I thought you were talking about the PSI version.

You can chuck that directly in a collet chuck of the right size, or use a drill chuck, or a 3-jaw or 4-jaw chuck if the jaws close down tight enough to grip that.


----------



## KenV (Oct 27, 2015)

Andrew --  when I was doing a lot of turning on a little lathe I used a 3/4 by 16 threaded adapter to the 3/8 by 16 threads for bottle stoppers.   As I remember PSI sold it.

I used it because the runout was a lot less than that with the use of a cheap drill chuck on a MT1 taper.   

Better is to get a collet chuck (as in the kind sold by Jerry Beall or PSI etc) that threads on the 3/4 by 16 headstock threads.   These collet chucks have low runout and will hold a 1/2 inch shank such as is sold by CUSA.  

Have fun with bottle stoppers --  and you will be happier in the long haul using stainless steel stoppers or silicone stoppers instead of plated ones.


----------



## Whaler (Oct 27, 2015)

You could use this adapter and stopper chuck.

https://www.pennstateind.com/store/LA3418.html

https://www.pennstateind.com/store/PK-BS1-MJ.html


----------



## Dan Masshardt (Oct 27, 2015)

The psi screw on one is so convenient to use.  It's the one to have.  

The only downside is that there are some stopper inserts out there that are smaller than the base of the mandrel.


----------



## Charlie_W (Oct 27, 2015)

Drew,

Check out Ruth Niles Stainless Steel Bottle Stoppers. They are super!
She also makes a morse taper bottle stopper mandrel. 
Not sure about a #1 MT size.

I also have one like yours as well as a screw on PSI version. 
Craft Supplies will have the one for the smaller diameter stoppers which they sell. It is the same style as yours.

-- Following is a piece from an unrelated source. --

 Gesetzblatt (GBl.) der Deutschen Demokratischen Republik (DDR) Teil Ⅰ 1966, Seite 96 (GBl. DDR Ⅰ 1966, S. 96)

As already said, stay away from plated stoppers. The plating will pit and peel.
Good luck!


----------



## Drewboy22 (Oct 27, 2015)

Is this one to get?https://www.pennstateind.com/store/BS1-SS6.html


----------



## Charlie_W (Oct 27, 2015)

Depends on what size thread is on your lathe. This one is for a 1" X 8 thread.

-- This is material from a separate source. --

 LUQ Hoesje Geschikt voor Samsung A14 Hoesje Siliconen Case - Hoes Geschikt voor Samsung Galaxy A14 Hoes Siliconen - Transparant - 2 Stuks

You will need an adapter if your spindle is a different size and there is not a bottle stopper mandrel made in a size to fit your lathe.

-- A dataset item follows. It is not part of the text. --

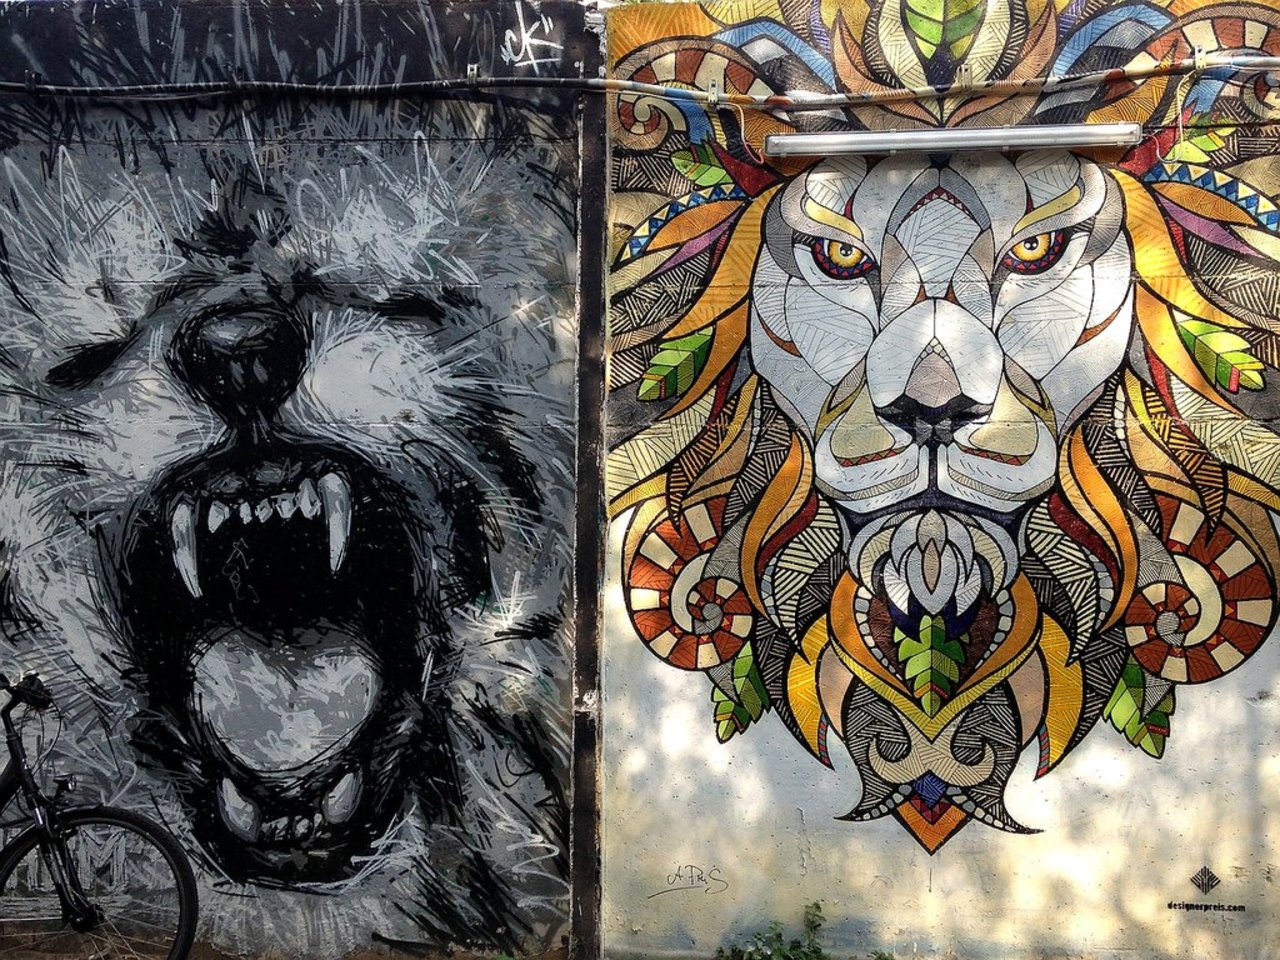 Street Art by Andreas Preis in #Berlin http://www.urbacolors.com #art #mural #graffiti #streetart https://t.co/3S0jn5iKsw

What make and model lathe do you have?


----------



## Drewboy22 (Oct 27, 2015)

Charlie_W said:


> Depends on what size thread is on your lathe. This one is for a 1" X 8 thread.
> 
> You will need an adapter if your spindle is a different size and there is not a bottle stopper mandrel made in a size to fit your lathe.
> 
> What make and model lathe do you have?



I have a craftsman with a 3/4 X 16 but I have an adapter that came with my pen drilling chuck so I can use the same one. 

Is that set from psi a good set?


----------



## Skie_M (Oct 27, 2015)

It works pretty well ... very little, if any, runout.  Just make sure you get that wood seated right up against the chuck to make sure it turns true.


I use the PSI's version .... for those that want one that will fit a smaller diameter stopper size, turn a small collar and use it like a bushing on the chuck mandrel.



When I finish my stopper, I glue the metal double-threaded insert into the metal stopper.  I do NOT glue it into the wooden handle.  This is so that the insert can be replaced as well as washed without damaging the wood.

The wood threads are reinforced with thin CA and re-cut 2 or 3 times.


I use the tap and die set from Harbor Freight.  I went and got the SAE/Metric 40 piece combo ... it cost me about 25 dollars.

Don't confuse this with the double and triple thread taps you see in the group buy forums ... these are single-thread only.


----------



## Drewboy22 (Oct 27, 2015)

Thanks for the help. I will look into this morning tomorrow. Night y'all


----------



## Dan Masshardt (Oct 28, 2015)

Good tip Skie_M on turning the extra 'bushing' for smaller stoppers.  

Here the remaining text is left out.